Thanks, we'll give the gitbuilder packages a shot and report back.

Robert LeBlanc

Sent from a mobile device please excuse any typos.
On Mar 27, 2015 10:03 PM, "Sage Weil" <s...@newdream.net> wrote:

> On Fri, 27 Mar 2015, Robert LeBlanc wrote:
> > I've built Ceph clusters a few times now and I'm completely baffled
> > about what we are seeing. We had a majority of the nodes on a new
> > cluster go down yesterday and we got PGs stuck peering. We checked
> > logs, firewalls, file descriptors, etc and nothing is pointing to what
> > the problem is. We thought we could work around the problem by
> > deleting all the pools and recreating them, but still most of the PGs
> > were in a creating+peering state. Rebooting OSDs, reformatting them,
> > adjusting the CRUSH, etc all proved fruitless. I took min_size and
> > size to 1, tried scrubbing, deep-scrubbing the PGs and OSDs. Nothing
> > seems to get the cluster to progress.
> >
> > As a last ditch effort, we wiped the whole cluster, regenerated UUID,
> > keys, etc and pushed it all through puppet again. After creating the
> > OSDs there are PGs stuck. Here is some info:
> >
> > [ulhglive-root@mon1 ~]# ceph status
> >     cluster fa158fa8-3e5d-47b1-a7bc-98a41f510ac0
> >      health HEALTH_WARN
> >             1214 pgs peering
> >             1216 pgs stuck inactive
> >             1216 pgs stuck unclean
> >      monmap e2: 3 mons at
> > {mon1=
> 10.217.72.27:6789/0,mon2=10.217.72.28:6789/0,mon3=10.217.72.29:6789/0}
> >             election epoch 6, quorum 0,1,2 mon1,mon2,mon3
> >      osdmap e161: 130 osds: 130 up, 130 in
> >       pgmap v468: 2048 pgs, 2 pools, 0 bytes data, 0 objects
> >             5514 MB used, 472 TB / 472 TB avail
> >                  965 peering
> >                  832 active+clean
> >                  249 creating+peering
> >                    2 activating
>
> Usually when we've seen something like this is has been something annoying
> with the environment, like a broken network that causes the tcp streams to
> freeze once they start sending significant traffic (e.g., affecting the
> connections that transpart data but not the ones that handle heartbeats).
>
> As you're rebuilding, perhaps the issues start once you hit a particular
> rack or host?
>
> > [ulhglive-root@mon1 ~]# ceph health detail | head -n 15
> > HEALTH_WARN 1214 pgs peering; 1216 pgs stuck inactive; 1216 pgs stuck
> unclean
> > pg 2.17f is stuck inactive since forever, current state
> > creating+peering, last acting [39,42,77]

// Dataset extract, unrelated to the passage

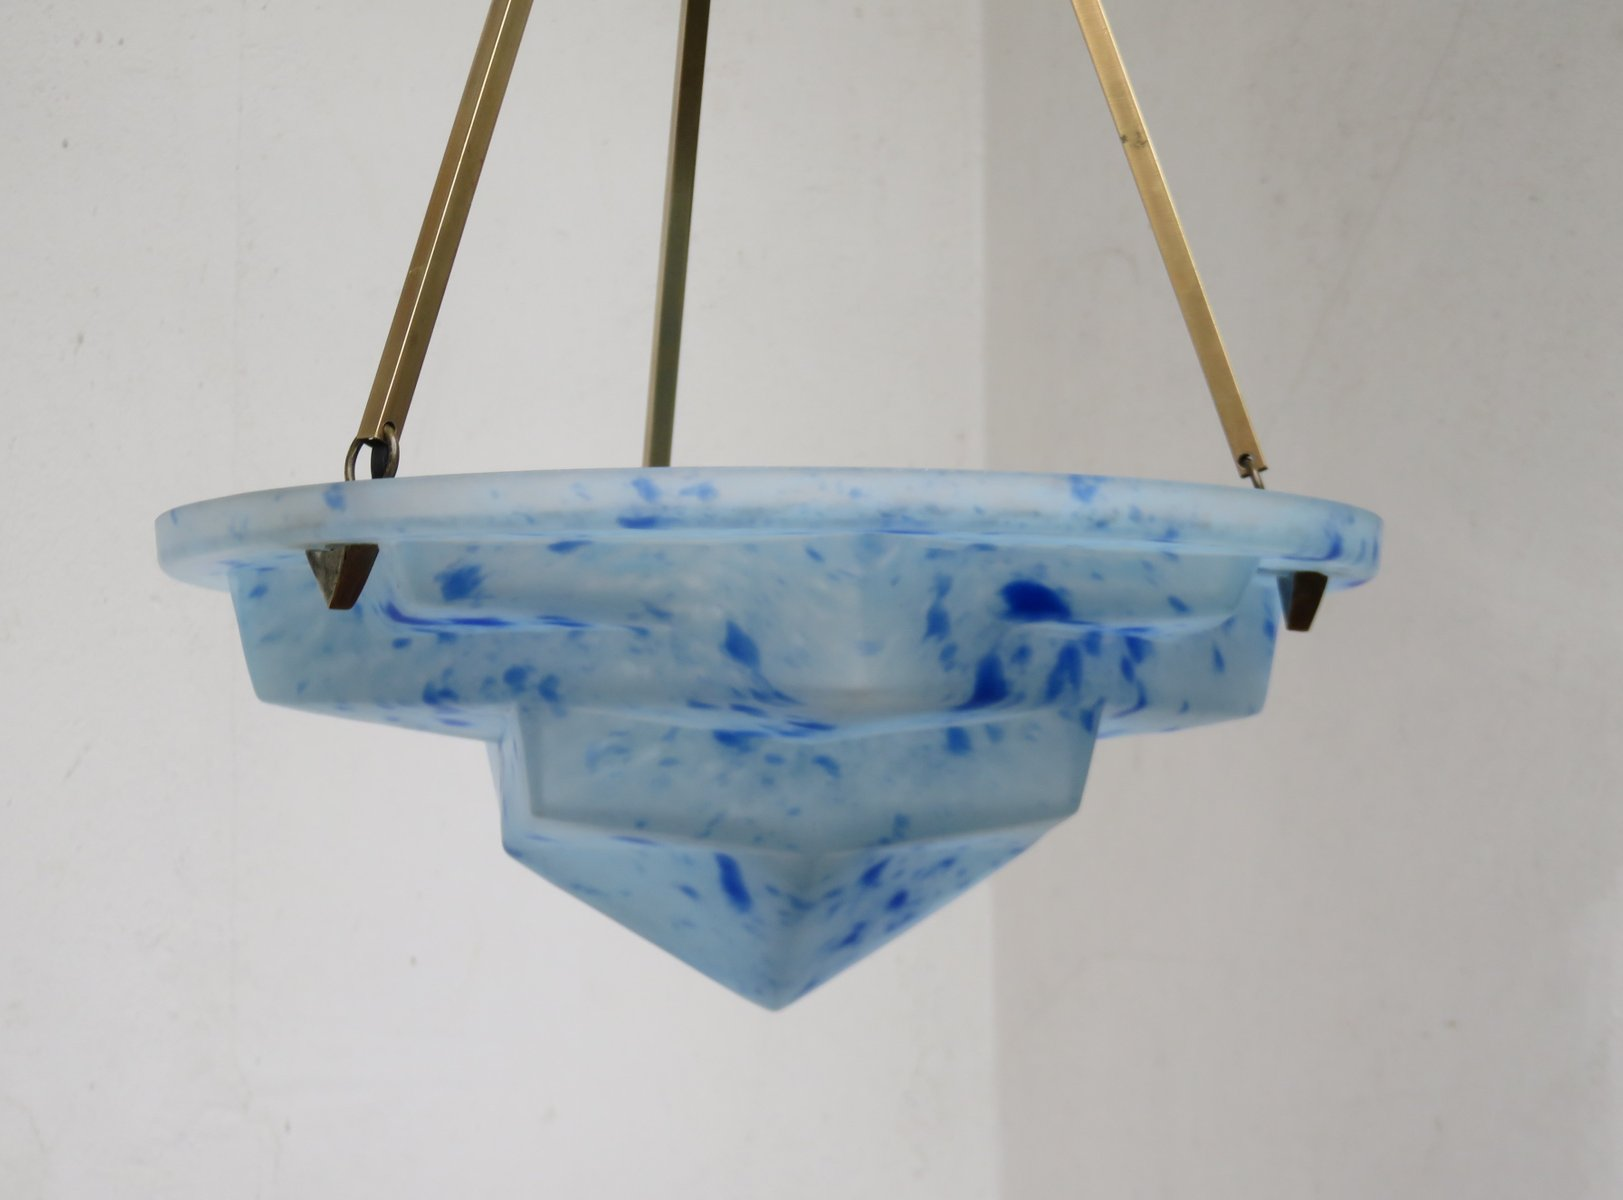 art light img retouch deco ceiling lighting product ceilings

> > pg 2.17e is stuck inactive since forever, current state
> > creating+peering, last acting [125,3,110]
> > pg 2.179 is stuck inactive since forever, current state peering, last
> acting [0]
> > pg 2.178 is stuck inactive since forever, current state
> > creating+peering, last acting [99,120,54]

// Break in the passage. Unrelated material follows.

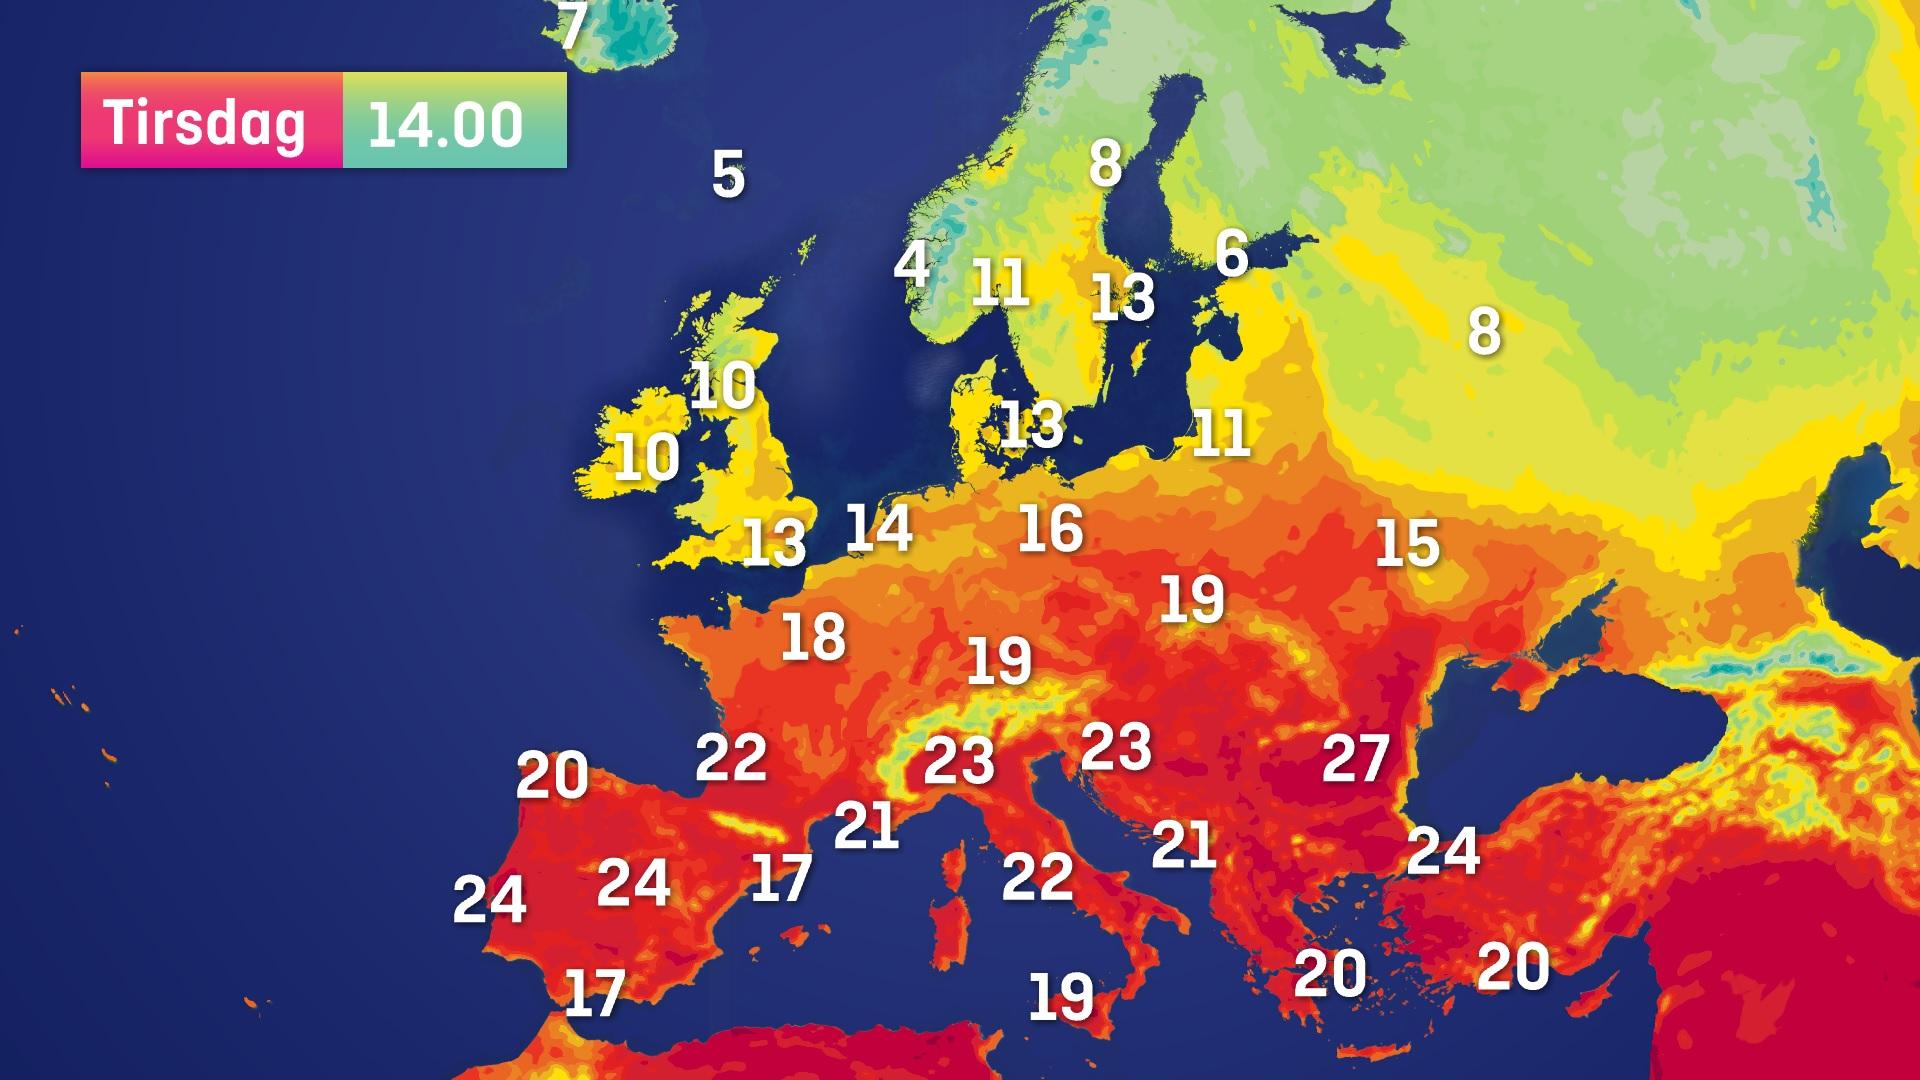 Temperaturer_i_europa

> > pg 2.17b is stuck inactive since forever, current state peering, last
> acting [0]
> > pg 2.17a is stuck inactive since forever, current state
> > creating+peering, last acting [91,96,122]
> > pg 2.175 is stuck inactive since forever, current state
> > creating+peering, last acting [55,127,2]
> > pg 2.174 is stuck inactive since forever, current state peering, last
> acting [0]
> > pg 2.176 is stuck inactive since forever, current state
> > creating+peering, last acting [13,70,8]
> > pg 2.172 is stuck inactive since forever, current state peering, last
> acting [0]
> > pg 2.16c is stuck inactive for 1344.369455, current state peering,
> > last acting [99,104,85]
> > pg 2.16e is stuck inactive since forever, current state peering, last
> acting [0]
> > pg 2.169 is stuck inactive since forever, current state
> > creating+peering, last acting [125,24,65]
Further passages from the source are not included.